Once the OpenVPN part is configured, we need to teach IM and the PaaS how to exploit it.

When IM is installed and configured a SSH key pair is created and mounted in the IM Docker container, whose path is:

::

  # ll /etc/im/.ssh/

  ...
  -rw------- 1 root root 3357 Sep 20  2023 id_rsa
  -rw-r--r-- 1 root root  726 Sep 20  2023 id_rsa.pub

The public key has to be configured on the jump host.
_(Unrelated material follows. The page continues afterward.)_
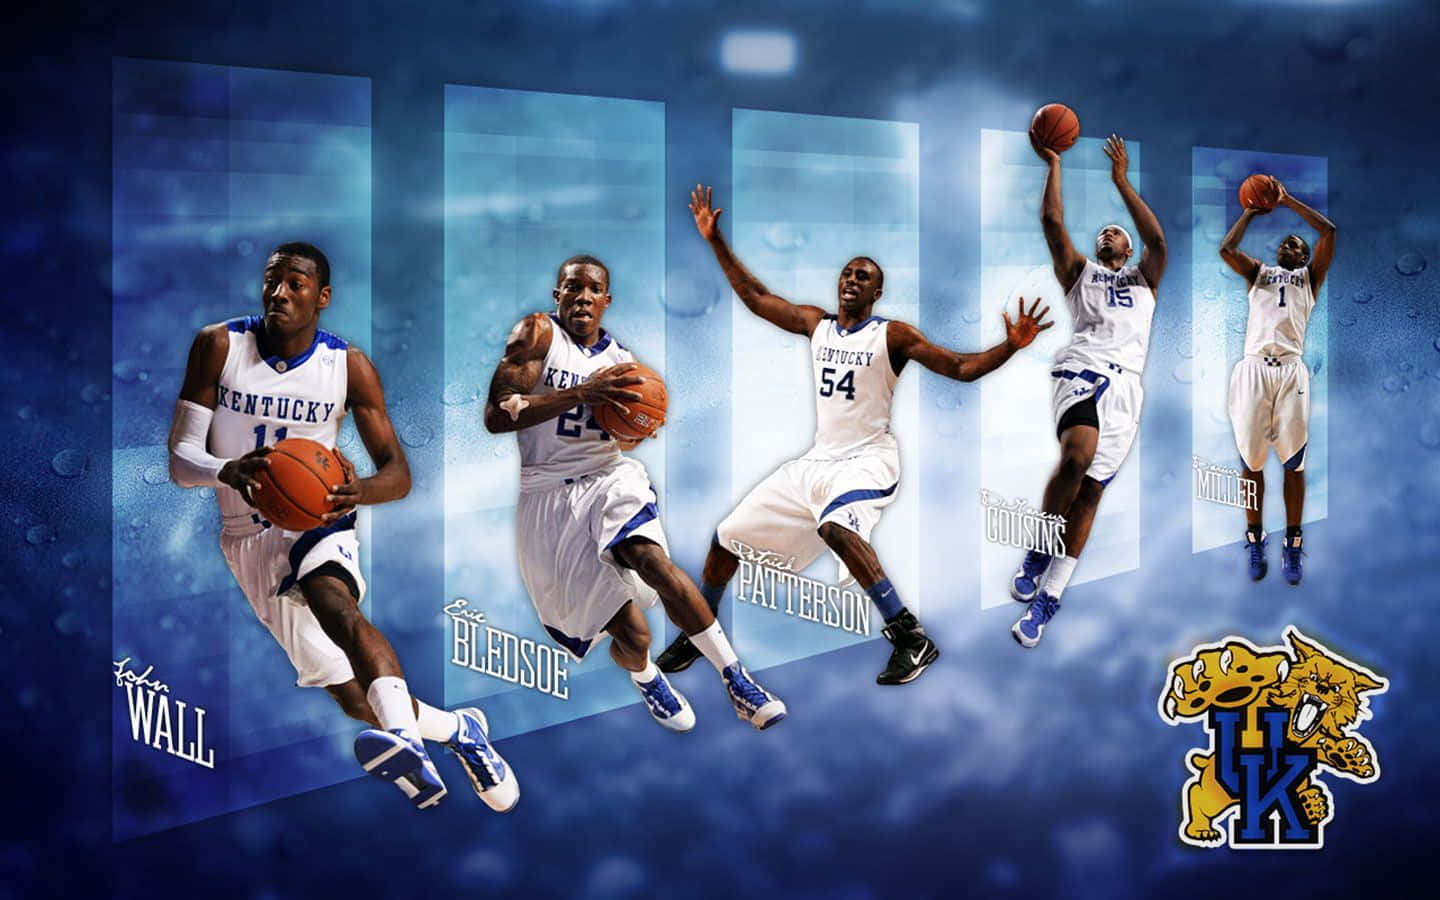 Die Basketballmannschaft Der Kentucky Wildcats Mit John Wall. Wallpaper

So login on the jump host VM. Then create a ``im`` user:

::

  useradd -m im

Log in as the new user

::

  su - im

Add the public key to the authorized_keys file:

::

  mkdir .ssh
  
  vim authorized_keys

Finally, you should be able to connect from the IM machine to the jump host with the command

::

  ssh -i /etc/im/.ssh/id_rsa im@<JUMP_HOST_PUBLIC_IP>

Now that we teached IM how to login in the Jump Host to access the tenant private network, we need to teach the PaaS that, if the deployment is only on the private network, IM has to use the jump host to access it.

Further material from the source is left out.